The new house has an inground pool. I read a book, and opened it successfully.
After vaccuming the bottom a couple of times, I decided my time was better spent elsewhere and I determined to buy one of those bottom crawling pool robots to do the job for me.
So, I go to the local pool store here in rural PA.
The last few times I’d been in there to buy chemicals I didn’t get the time of day, but as soon as I sidle up to the pool robots, I get attacked with customer service.
“That one’s a nice unit!” the guy says.
“What’s so special?” I ask.
The guy starts reading the box to me. I didn’t his help for that.
I look at a few different ones, but I can’t seem to get the guy to go away. Each time I start to examine a box, he jumps in and starts telling me what a nice unit it is, and then reads the box out loud.

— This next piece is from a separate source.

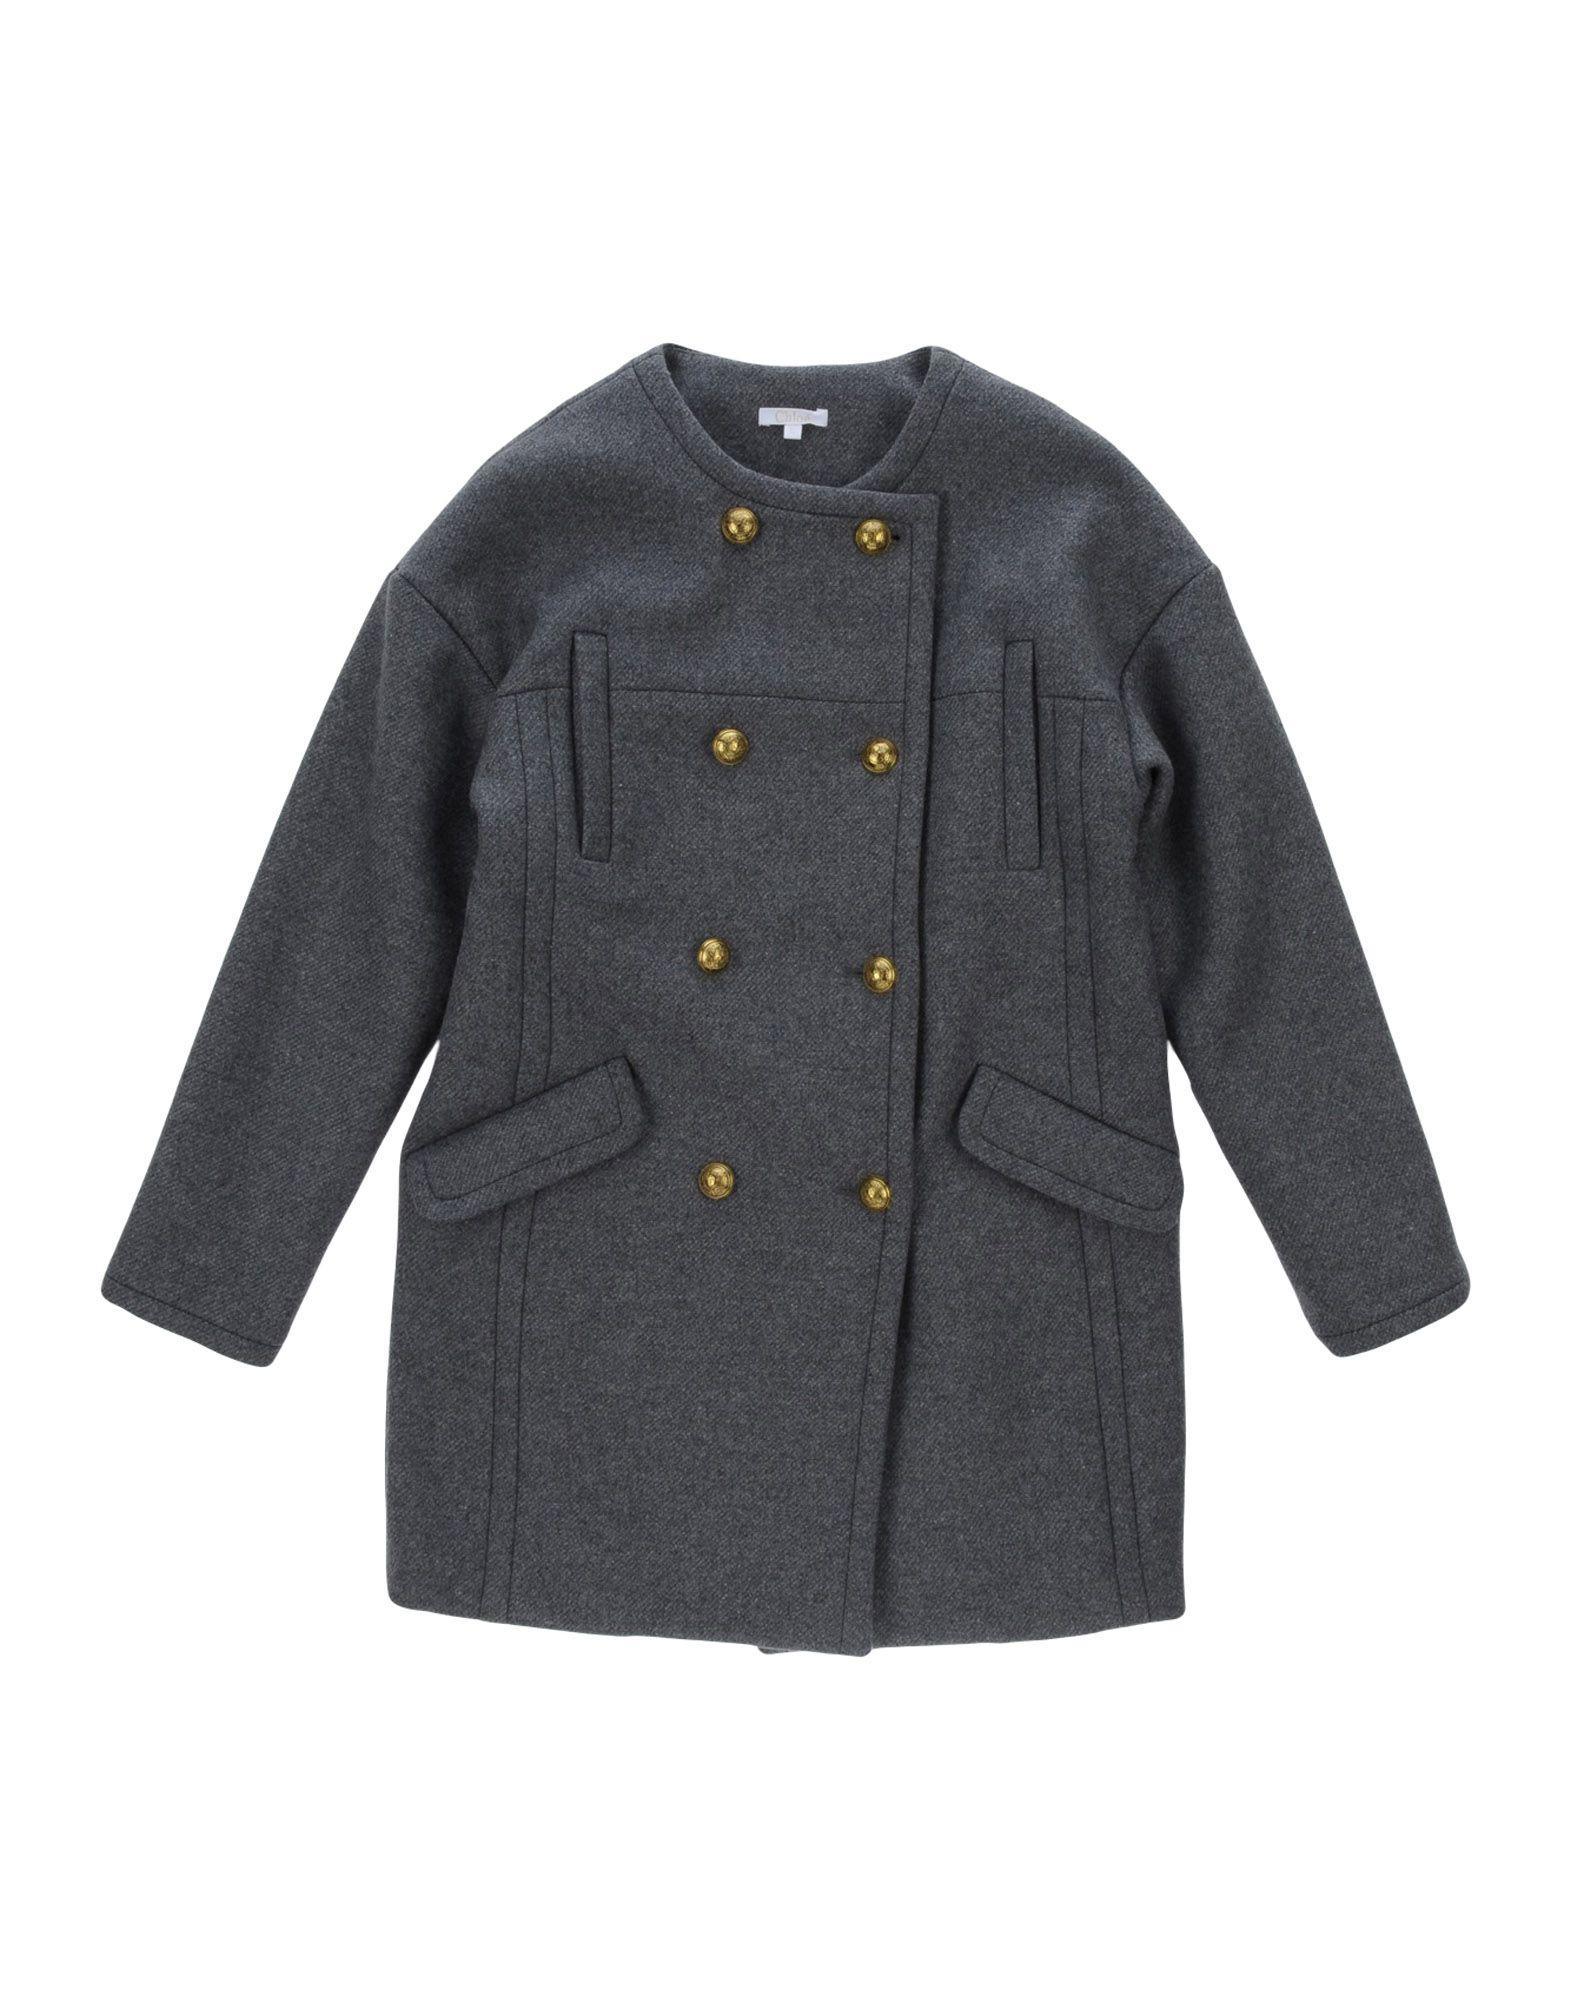 ChloÉ Coat In Grey
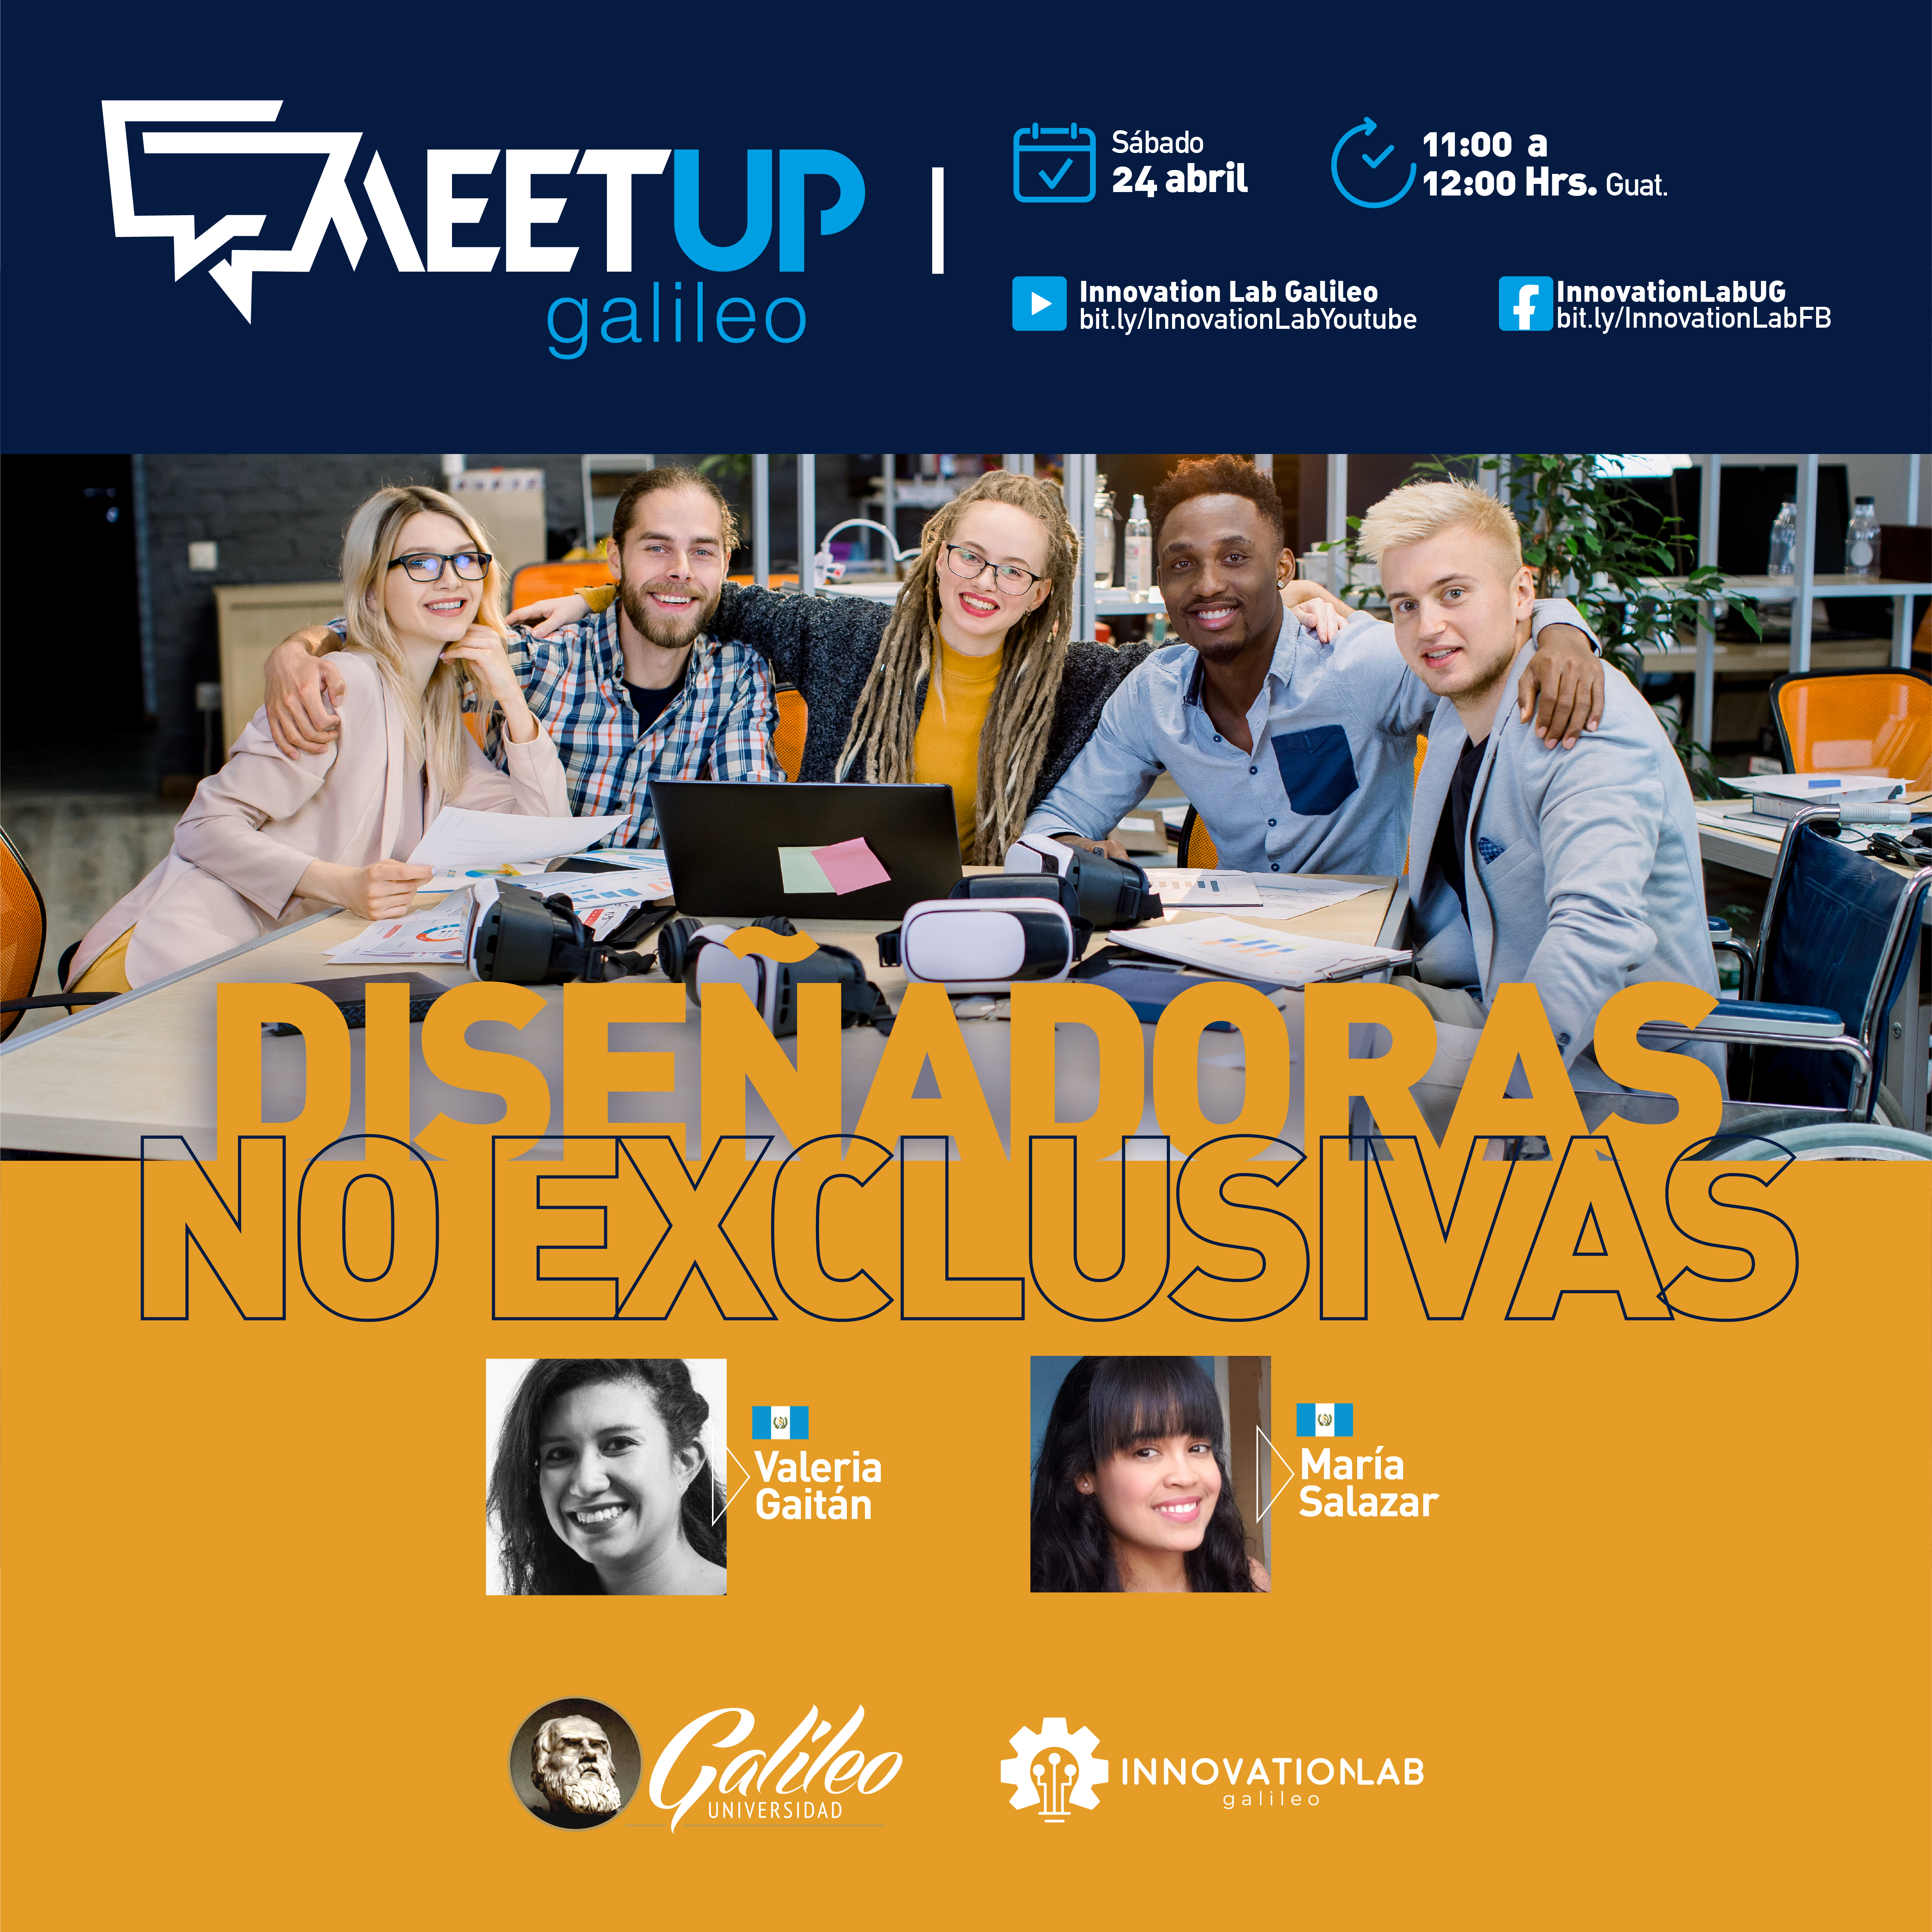 Meetup 4: Diseñadoras no Exclusivas

He starts trying to qualify me by asking questions about my pool, and doesn’t seem to get the message when I keep telling him “I’m just looking.”
So, even though I came here to buy a pool robot, I decide to leave, and maybe come back when I can evaluate the different kinds in peace or with the help of a knowledgable salesperson.
At which point the guy makes an overture:
“You haven’t seen this one. It’s probably the best for the money.”
I go to look at it, and it’s in the middle of the price range, seems well-built, simple, and it’s made by the same manufacturer as my filter.
“It doesn’t have a lot of extra features, but it’s a reliable workhorse, and it does a good job. It’s what we use in our pools.”
Ok, I think. Maybe the guy does have something to offer after all. I look it over, see the two year warranty. It’s on sale. It’s just what I’m looking for.
“I think this will do,” I say.
“Great!” he says, and picks it up to carry it to check out for me. “These things are great. It’s like having your own personal black man cleaning your pool.”
I’m kind of stunned and don’t say anything. The worst is that a moment later I get annoyed. I really want this thing, but now I feel obligated to inconvenience myself and not by it, because of what the guy just said.
I think about what I’d say to you guys, or my friend the newspaper editor who’s black (although he doesn’t care about this kind of thing. He seems to think these kind of guys blow themselves up without the need of outside help.)
I say “I think I want to think about this a little bit more.”
He says “If you don’t like it, you can bring it back. Don’t worry. You’ll love it.”
So, I sigh, and say what I feel I need to say.
“Actually, I didn’t like your comment.”
“What comment?”
“The thing about the black guy in the pool.”
He gives me concerned “I didn’t mean anything by it. I was just making a joke.”
“I know. No big deal. But, I don’t want to buy it now. Have a nice day.”
He actually follows me out the door, apologizing, but it really feels like he’s chasing a sale.
He keeps saying that he didn’t mean to offend me, that it just came out, adn I keep saying it’s no big deal and thanks for the help, and then I go home and look at the bugs at the bottom of the pool.
After a few moments trying to ponder my little morality play, I’m not sure what’s been accomplished.
I’m not happy. My pool is dirty. The pool guy isn’t happy. He didn’t get a sale. Where’s the gain?
Then it kind of creeps into the back of my head, and it grows and takes on strength.
It Would be nice to have my personal black guy cleaning my pool. But, it’d be even nicer to have that fat white guy doing it.